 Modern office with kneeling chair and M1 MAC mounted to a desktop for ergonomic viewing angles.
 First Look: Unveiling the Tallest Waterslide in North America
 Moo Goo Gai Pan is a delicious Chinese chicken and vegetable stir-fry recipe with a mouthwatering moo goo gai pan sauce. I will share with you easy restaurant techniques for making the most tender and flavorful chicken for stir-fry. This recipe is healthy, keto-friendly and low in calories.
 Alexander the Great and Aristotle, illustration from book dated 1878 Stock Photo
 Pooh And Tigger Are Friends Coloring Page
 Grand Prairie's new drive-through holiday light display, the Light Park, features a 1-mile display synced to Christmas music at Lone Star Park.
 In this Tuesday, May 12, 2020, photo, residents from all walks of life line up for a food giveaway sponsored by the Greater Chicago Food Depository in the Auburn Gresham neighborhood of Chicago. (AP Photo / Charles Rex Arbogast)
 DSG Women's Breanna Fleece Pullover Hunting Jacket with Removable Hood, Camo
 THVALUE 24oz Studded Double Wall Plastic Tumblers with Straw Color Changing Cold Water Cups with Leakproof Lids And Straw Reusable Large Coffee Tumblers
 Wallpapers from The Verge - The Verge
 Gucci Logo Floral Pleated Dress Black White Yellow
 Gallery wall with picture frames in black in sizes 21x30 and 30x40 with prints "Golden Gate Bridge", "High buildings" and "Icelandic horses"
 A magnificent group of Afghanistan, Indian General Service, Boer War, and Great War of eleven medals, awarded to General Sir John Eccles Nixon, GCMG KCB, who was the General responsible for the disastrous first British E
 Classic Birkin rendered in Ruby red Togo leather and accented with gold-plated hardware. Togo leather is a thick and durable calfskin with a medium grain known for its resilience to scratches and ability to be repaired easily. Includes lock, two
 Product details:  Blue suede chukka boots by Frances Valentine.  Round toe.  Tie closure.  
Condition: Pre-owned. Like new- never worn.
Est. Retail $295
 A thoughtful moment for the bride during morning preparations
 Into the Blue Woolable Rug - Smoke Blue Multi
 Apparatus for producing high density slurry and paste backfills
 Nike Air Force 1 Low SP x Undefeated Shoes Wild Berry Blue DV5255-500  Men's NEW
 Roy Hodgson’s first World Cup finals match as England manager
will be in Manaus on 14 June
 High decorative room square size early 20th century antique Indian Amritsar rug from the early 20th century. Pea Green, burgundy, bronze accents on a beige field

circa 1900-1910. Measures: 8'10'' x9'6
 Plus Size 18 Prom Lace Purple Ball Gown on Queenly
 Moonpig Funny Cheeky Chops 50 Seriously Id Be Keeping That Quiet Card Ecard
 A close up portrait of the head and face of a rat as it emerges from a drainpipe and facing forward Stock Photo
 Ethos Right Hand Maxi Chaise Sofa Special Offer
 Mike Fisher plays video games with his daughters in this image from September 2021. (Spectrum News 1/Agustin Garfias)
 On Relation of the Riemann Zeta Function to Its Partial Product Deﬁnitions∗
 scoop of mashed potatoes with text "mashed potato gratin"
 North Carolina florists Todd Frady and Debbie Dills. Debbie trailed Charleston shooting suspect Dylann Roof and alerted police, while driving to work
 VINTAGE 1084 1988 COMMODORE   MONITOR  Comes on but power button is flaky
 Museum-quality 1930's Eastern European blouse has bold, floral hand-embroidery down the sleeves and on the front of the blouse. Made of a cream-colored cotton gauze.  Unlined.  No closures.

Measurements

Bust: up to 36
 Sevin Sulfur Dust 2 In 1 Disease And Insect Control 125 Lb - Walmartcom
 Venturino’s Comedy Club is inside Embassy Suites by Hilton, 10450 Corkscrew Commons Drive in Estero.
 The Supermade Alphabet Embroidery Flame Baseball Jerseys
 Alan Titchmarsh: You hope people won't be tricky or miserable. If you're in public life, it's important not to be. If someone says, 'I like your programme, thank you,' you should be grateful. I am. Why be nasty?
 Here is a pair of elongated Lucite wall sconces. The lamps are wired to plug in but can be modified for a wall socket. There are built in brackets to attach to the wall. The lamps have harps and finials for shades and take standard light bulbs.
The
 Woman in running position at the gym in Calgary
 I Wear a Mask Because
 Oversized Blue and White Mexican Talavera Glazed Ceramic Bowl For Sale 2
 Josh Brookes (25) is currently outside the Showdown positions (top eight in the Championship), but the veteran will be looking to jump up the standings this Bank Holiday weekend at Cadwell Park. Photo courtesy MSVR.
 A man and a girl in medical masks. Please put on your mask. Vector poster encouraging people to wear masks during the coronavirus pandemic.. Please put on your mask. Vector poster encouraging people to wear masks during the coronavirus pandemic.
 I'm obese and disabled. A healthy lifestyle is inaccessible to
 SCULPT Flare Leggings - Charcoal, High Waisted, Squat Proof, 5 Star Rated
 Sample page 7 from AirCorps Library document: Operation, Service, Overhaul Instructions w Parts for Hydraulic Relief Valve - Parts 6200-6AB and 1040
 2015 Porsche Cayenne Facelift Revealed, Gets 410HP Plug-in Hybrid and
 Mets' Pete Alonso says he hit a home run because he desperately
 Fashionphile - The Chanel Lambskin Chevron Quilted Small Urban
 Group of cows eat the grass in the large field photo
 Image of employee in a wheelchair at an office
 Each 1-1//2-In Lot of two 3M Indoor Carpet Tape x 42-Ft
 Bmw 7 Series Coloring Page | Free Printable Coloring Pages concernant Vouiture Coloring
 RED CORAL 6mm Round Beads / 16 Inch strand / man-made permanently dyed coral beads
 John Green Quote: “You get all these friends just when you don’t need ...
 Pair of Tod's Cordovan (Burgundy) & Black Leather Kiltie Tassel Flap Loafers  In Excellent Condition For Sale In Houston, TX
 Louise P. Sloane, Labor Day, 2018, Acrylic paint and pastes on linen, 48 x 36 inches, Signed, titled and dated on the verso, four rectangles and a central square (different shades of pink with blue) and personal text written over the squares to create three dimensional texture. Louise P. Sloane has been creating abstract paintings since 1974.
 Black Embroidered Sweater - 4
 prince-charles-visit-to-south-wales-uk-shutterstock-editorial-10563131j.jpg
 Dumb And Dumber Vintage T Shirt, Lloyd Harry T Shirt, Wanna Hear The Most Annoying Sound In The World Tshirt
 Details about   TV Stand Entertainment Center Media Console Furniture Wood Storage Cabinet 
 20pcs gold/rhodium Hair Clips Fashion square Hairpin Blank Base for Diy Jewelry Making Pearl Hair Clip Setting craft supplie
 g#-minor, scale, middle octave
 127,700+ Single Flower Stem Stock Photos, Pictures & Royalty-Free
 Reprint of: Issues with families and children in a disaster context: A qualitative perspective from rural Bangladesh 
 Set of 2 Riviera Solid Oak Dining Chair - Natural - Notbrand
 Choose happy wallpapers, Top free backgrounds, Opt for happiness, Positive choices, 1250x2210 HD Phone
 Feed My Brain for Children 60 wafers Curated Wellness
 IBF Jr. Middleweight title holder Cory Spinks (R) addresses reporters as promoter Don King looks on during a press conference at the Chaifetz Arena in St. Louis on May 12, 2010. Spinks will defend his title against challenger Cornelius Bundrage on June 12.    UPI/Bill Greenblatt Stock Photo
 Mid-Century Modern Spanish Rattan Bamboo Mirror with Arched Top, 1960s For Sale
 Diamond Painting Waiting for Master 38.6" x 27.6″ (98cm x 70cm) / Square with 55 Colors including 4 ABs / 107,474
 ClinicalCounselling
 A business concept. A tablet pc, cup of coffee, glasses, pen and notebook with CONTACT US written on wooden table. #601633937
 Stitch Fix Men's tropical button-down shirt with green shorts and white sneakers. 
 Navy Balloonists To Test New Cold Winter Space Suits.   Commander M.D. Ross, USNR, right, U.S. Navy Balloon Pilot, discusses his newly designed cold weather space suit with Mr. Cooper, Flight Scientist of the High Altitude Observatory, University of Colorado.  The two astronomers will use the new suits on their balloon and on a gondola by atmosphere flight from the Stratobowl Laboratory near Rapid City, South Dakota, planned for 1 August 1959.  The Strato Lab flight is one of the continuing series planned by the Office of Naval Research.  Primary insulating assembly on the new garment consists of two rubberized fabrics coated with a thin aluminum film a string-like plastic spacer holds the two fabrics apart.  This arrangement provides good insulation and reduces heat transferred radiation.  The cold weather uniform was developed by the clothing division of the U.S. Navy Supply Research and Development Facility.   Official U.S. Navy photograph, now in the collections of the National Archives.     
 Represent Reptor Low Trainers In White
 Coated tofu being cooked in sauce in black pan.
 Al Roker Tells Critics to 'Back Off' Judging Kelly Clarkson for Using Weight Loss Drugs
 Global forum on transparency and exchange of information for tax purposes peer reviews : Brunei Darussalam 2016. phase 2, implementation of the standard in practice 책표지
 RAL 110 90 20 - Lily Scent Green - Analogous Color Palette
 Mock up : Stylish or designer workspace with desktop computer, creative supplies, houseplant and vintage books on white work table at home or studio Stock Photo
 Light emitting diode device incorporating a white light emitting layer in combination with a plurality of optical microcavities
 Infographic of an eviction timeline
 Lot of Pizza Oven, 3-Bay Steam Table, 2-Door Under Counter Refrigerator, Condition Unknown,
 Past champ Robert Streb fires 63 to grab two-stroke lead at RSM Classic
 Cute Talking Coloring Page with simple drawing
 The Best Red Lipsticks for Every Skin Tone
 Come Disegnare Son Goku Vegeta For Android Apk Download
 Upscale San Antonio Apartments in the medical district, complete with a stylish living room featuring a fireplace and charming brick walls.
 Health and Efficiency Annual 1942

■ ■ ■ ■ ■

## YOUR INSTRUCTIONS
From the listing above, output exactly the run of lines that starts with the line containing "Louise P. Sloane, Labor" and ends with the line containing "Black Embroidered Sweater - 4".

## RESPONSE TO THIS EXERCISE
 Louise P. Sloane, Labor Day, 2018, Acrylic paint and pastes on linen, 48 x 36 inches, Signed, titled and dated on the verso, four rectangles and a central square (different shades of pink with blue) and personal text written over the squares to create three dimensional texture. Louise P. Sloane has been creating abstract paintings since 1974.
 Black Embroidered Sweater - 4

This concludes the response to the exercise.